Hughes 48

Development
- Designer: Sparkman & Stephens
- Location: Canada
- Year: 1970
- Builder: Hughes Boat Works
- Role: Cruiser

Boat
- Displacement: 30,000 lb (13,608 kg)
- Draft: 7.00 ft (2.13 m)

Hull
- Type: monohull
- Construction: fibreglass
- LOA: 48.00 ft (14.63 m)
- LWL: 33.00 ft (10.06 m)
- Beam: 11.83 ft (3.61 m)
- Engine: inboard motor

Hull appendages
- Keel: fin keel
- Ballast: 15,700 lb (7,121 kg)
- Rudder: skeg-mounted rudder

Rig
- Rig type: Bermuda rig
- I foretriangle height: 54.50 ft (16.61 m)
- J foretriangle base: 18.33 ft (5.59 m)
- P mainsail luff: 48.10 ft (14.66 m)
- E mainsail foot: 18.04 ft (5.50 m)

Sails
- Sailplan: masthead yawl
- Mainsail area: 433.86 sq ft (40.307 m^{2})
- Jib/genoa area: 499.49 sq ft (46.404 m^{2})
- Total sail area: 933.35 sq ft (86.711 m^{2})

= Hughes 48 =

Sailboat class

The Hughes 48, also sold as the North Star 48, is a Canadian sailboat that was designed by Sparkman & Stephens as a cruiser and first built in 1970. The boat is Sparkman & Stephens' design of 1956.

The Hughes 48 is a development of the Seafarer 48, which had been built by Seafarer Yachts on Long Island, New York. Fewer than five boats were built by Seafarer before production ended.

==Production==
The design was built by Hughes Boat Works in Canada, starting in 1970, but it is now out of production. When US Steel bought out Hughes and changed the company name to North Star Yachts the boat was sold as the North Star 48. It is not known how many were produced by Hughes and North Star.

==Design==
The Hughes 48 is a recreational keelboat, built predominantly of fibreglass, with wood trim. It has a centre cockpit, a masthead yawl rig; a raked stem; a raised counter, angled transom, a skeg-mounted rudder controlled by a wheel and a fixed, swept fin keel. It displaces 30000 lb and carries 15700 lb of lead ballast.

The boat has a draft of 7.00 ft with the standard keel and is fitted with an inboard engine for docking and manoeuvring.

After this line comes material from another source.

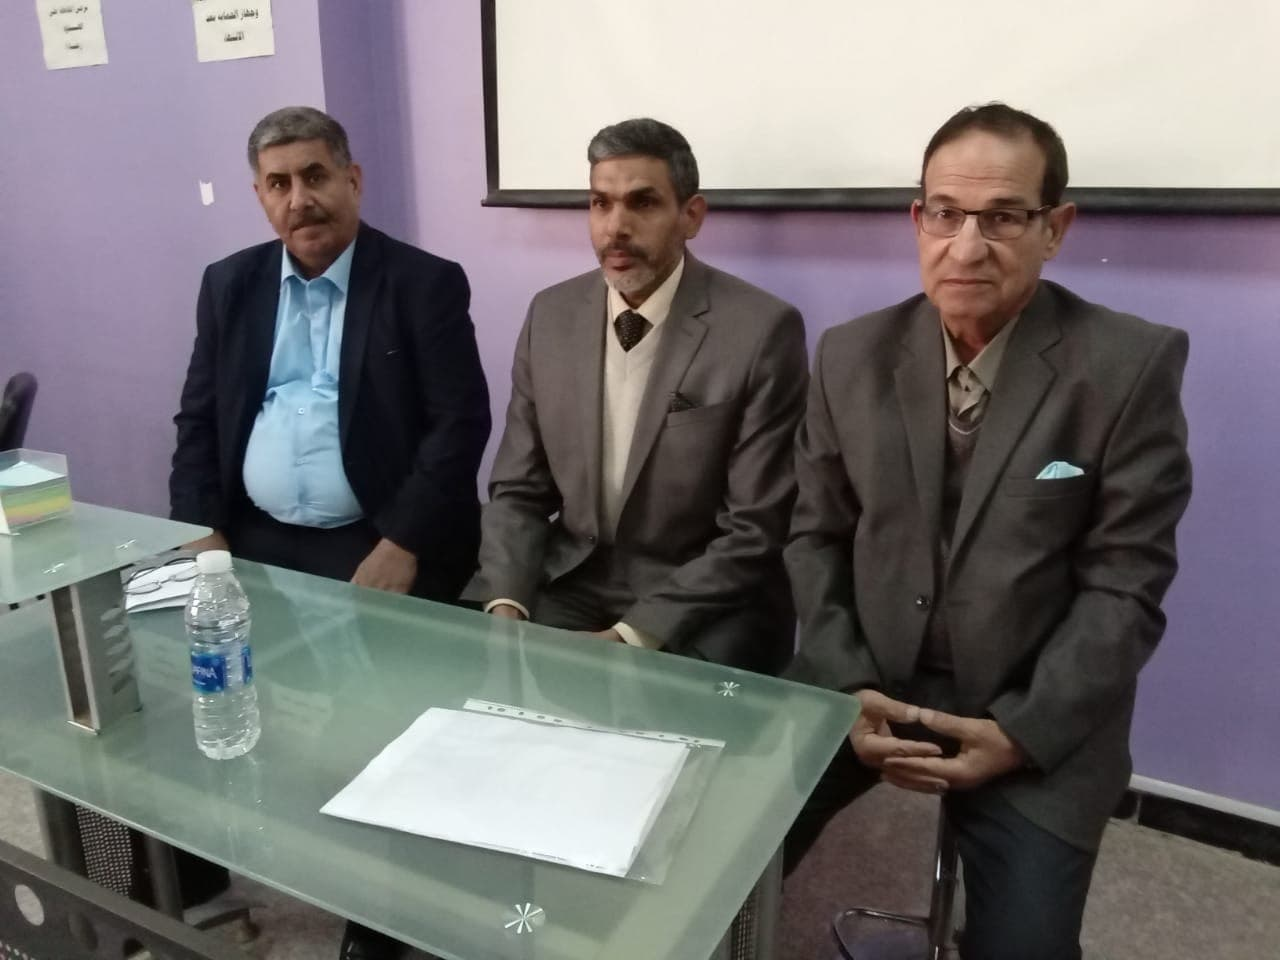 جامعة المثنى تنظم ندوة بمناسبة الذكرى المائة لتأسيس الجيش العراقي

The design has sleeping accommodation for seven people, with a double "V"-berth in the bow cabin, four settee berths in the main cabin and an aft cabin with a berth on the starboard side. The galley is located on the port side just forward of the companionway ladder. The galley is U-shaped and is equipped with a three-burner stove and a double sink. A navigation station is opposite the galley, on the starboard side. There are two heads, one just aft of the bow cabin on the port side and one on the starboard side in the aft cabin.

For sailing the design may be equipped with one of a number of jibs or genoas.

The design has a hull speed of 7.7 kn.